Milan are no longer the club they used to be; they no longer compete in the Champions League, let alone take home the trophy. They are not the powerhouse that dominated European and world competitions. Ruud Gullit, Frank Rijkaard, and Marco Van Basten have been replaced by mediocre players such as Andrea Poli or Keisuke Honda. They are a shadow of their former greatness, a struggling side sitting mid-table in the Serie A.
Which begs the question, what has happened to the Rossoneri? Milan need to change something, and it needs to happen soon.
Where are the Chinese?
Rumors of a Chinese takeover have been spreading for over two years now, and the deal still hasn’t gone through. Bee Taechaubol was the original buyer, but due to a lack of funds, the deal was never completed. A Chinese consortium has been rumored to purchase the struggling club, and only now, after six months of constant delays of a deal which was supposed to take place earlier in the summer, has a date been set for the official exchanging of hands. The deal is set to take place on either March 1st or March 3rd.
These never-ending delays have cost Milan dearly, many questioning the legitimacy of these so-called buyers, pointing to the takeover of rival club Inter as an example of what a deal should look like. Fast, simple, and good for both parties. Instead, the deal has only caused pain. Milan, owned by former Prime Minister Silvio Berlusconi, have not been able to make purchases for the last couple of years now, selling off some of their best players such as Zlatan Ibrahimovic and Thiago Silva and replacing them with the mediocre side that we see today. As much as it pains me to say this, Milan are no longer the Champions League caliber side; they are a team that looks lost.

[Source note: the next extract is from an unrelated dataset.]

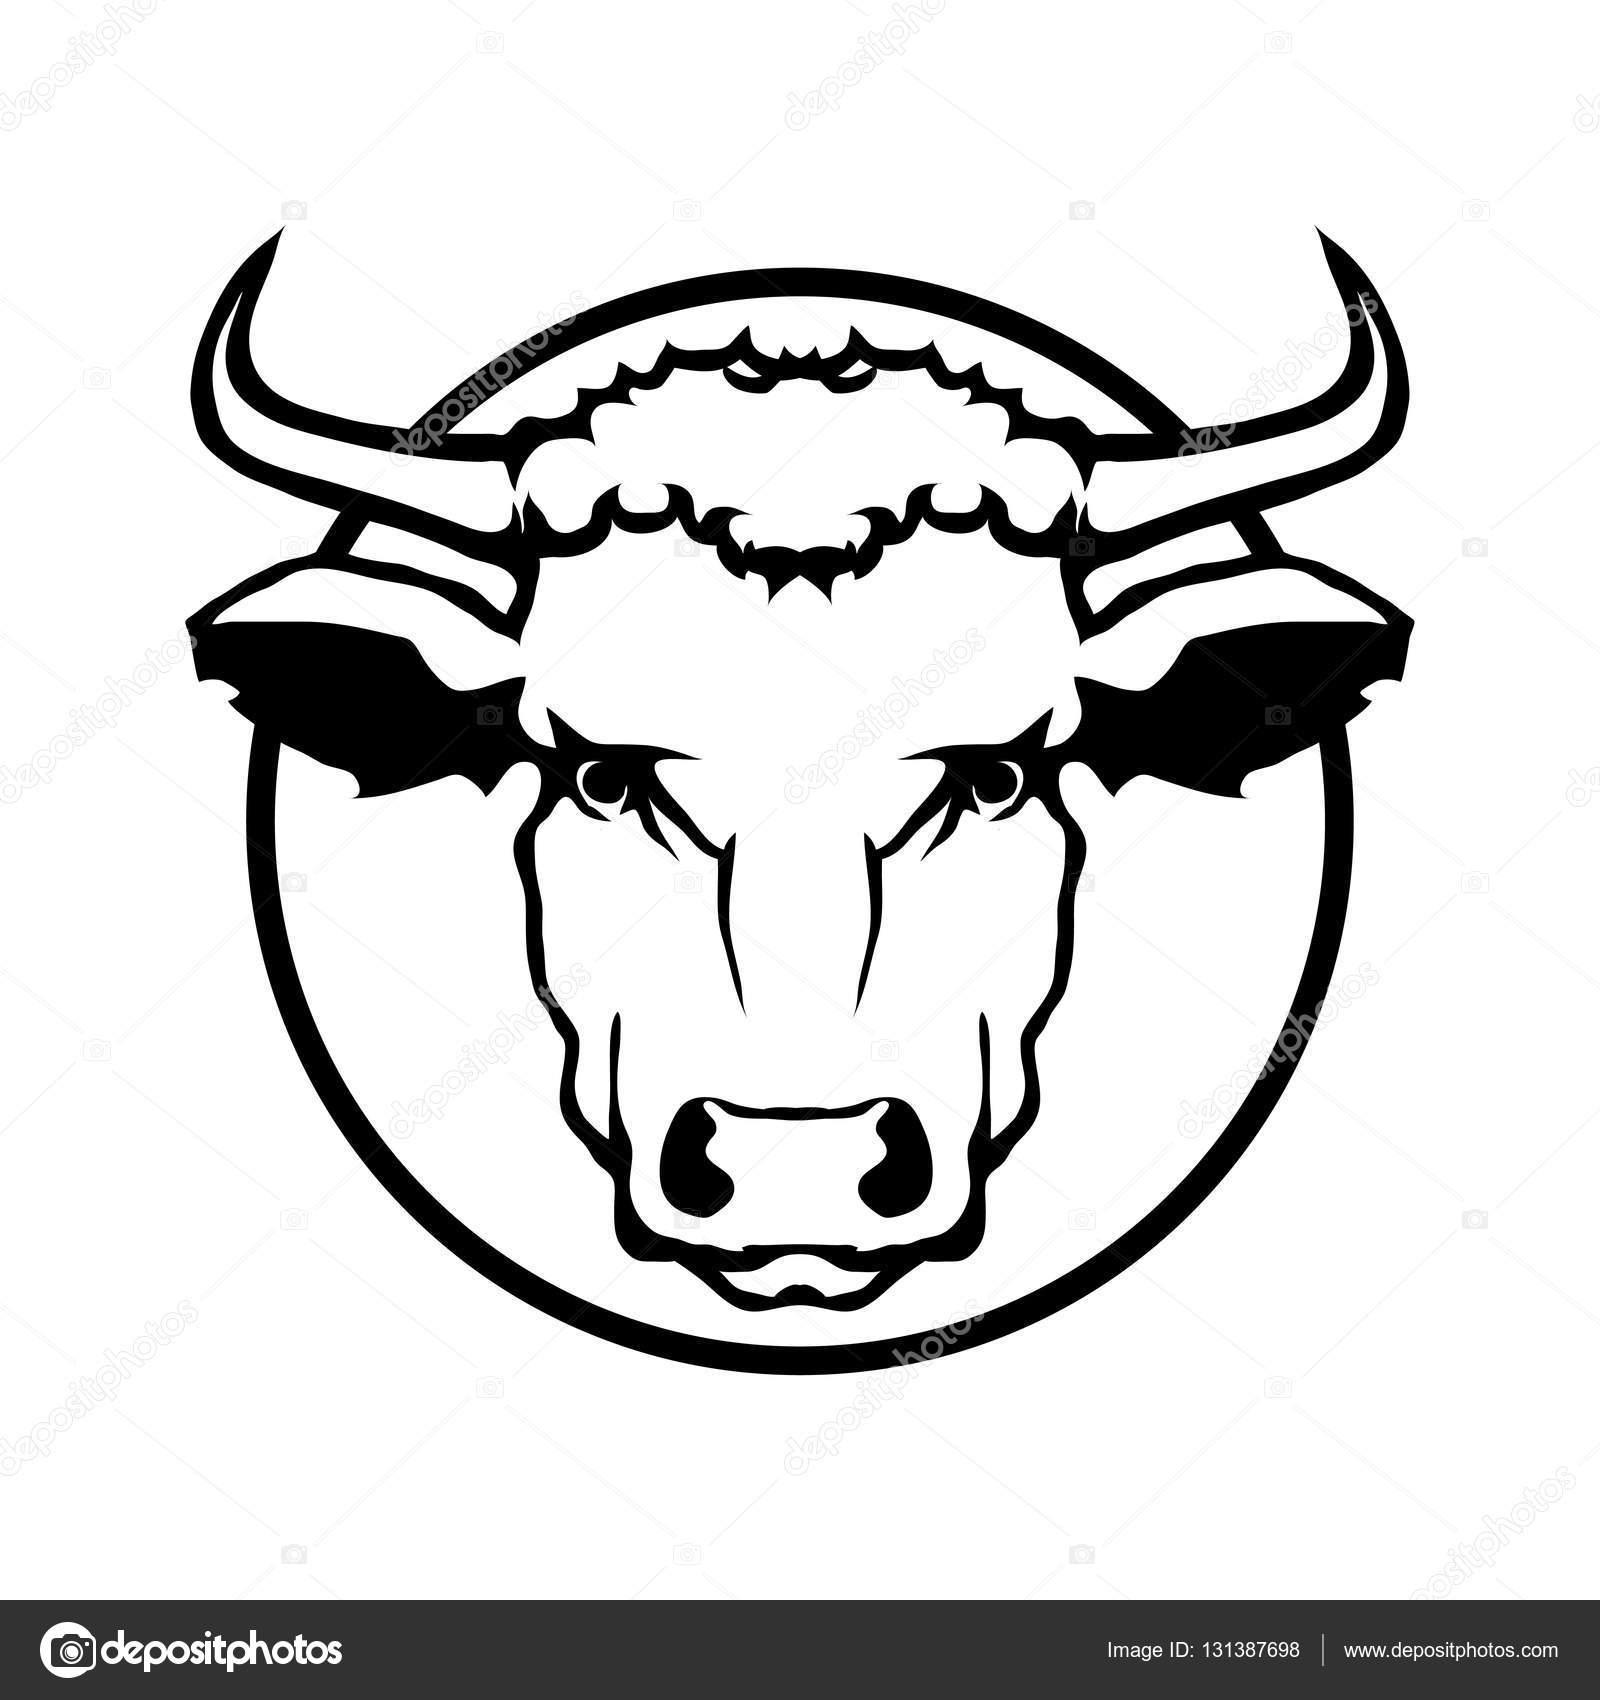 маз с эмблемой быка фото занимаюсь фотографией очень

We’ll see if the Sino-Europe group will complete the acquisition of the club; the Chinese are rumored to be ready to pour €150 million into this summer’s transfer market. These are much needed funds that need to be spent wisely, unlike the failed purchases of Allesandro Matri and Robinho.

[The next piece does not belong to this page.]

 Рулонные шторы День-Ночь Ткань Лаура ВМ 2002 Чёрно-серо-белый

Riding the Coaching Carousel
Milan need to stick with a coach. Their firing of Sinisa Mihajlovic was rash, but Vincenzo Montella seems to be a good fit for the club. For far too long, the team has lacked a solid coach, constantly switching formations and tactics as the sackings kept on piling up. If they don’t allow the coach to get a good feel for his team, to build a relationship with the players, to gain the trust of his side, the simple truth of the matter is that they won’t get the results they’re looking for.
The Aeroplanino has gotten good results out of a lacklustre Milan side, but the luck has started to run out, and the Rossoneri have dropped from 3rd to 7th after a string of poor performances. Prior to Milan’s win against Bologna, which was not entirely deserved, they had not won any of their last four matchups in the Serie A, losing three and tying once. Montella has done the most you could ask for from a coach presented with such a team, and they need to trust him.
Who are the Players?
Milan’s side is average at best. There are couple of bright spots in Gianluigi Donnarumma and Suso among others, but for the most part, the team is underwhelming. Montella runs a 4-3-3 formation, and he has been getting decent results with it. However, the lack of depth in the team and the mental lapses in defense are inexcusable.

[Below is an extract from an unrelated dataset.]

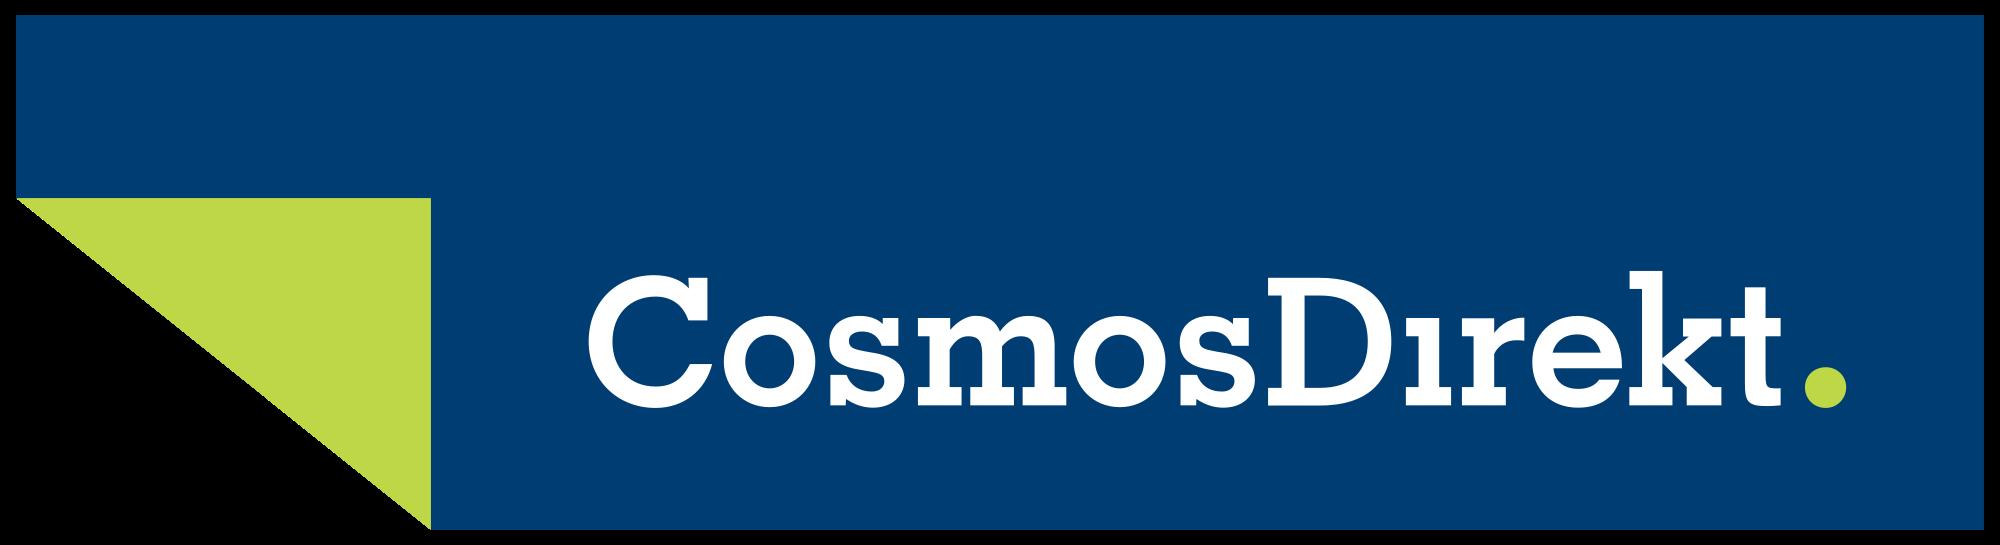 Cosmos Direkt Privathaftpflicht Im Vergleich 08 2019 Kosten

The team has also been plagued by injuries and suspensions. Giacomo Bonaventura, arguably Milan’s best and most important player is sidelined for the remainder of the season after undergoing surgery. Gabriel Paletta has already been sent off three times this season, a European record, including against Bologna, where Milan were reduced to “8 1/2 men”. De Sciglio and Antonelli have both been struggling with injuries, and Zapata has been absent for the first half of the season.
Added to this are the lack of new players. Deulofeu and Ocampos were the only two additions over a winter transfer window which was supposed to be funded with Chinese money. Additionally, these transfers were only loans without the option to buy, meaning that even if the signings do perform well, their respective clubs will be able to negotiate the transfer fee. Milan are in desperate need of some reinforcements in the defensive and midfield areas, and without any cash flow coming in, it looks as though Montella’s side will have to suffice for the time being.
Simply stated, Milan need to change; they are no longer a European powerhouse, and they cannot act as though they are. They will need to rebuild slowly, and with the right management, I fully believe they can get back to competing at the top level.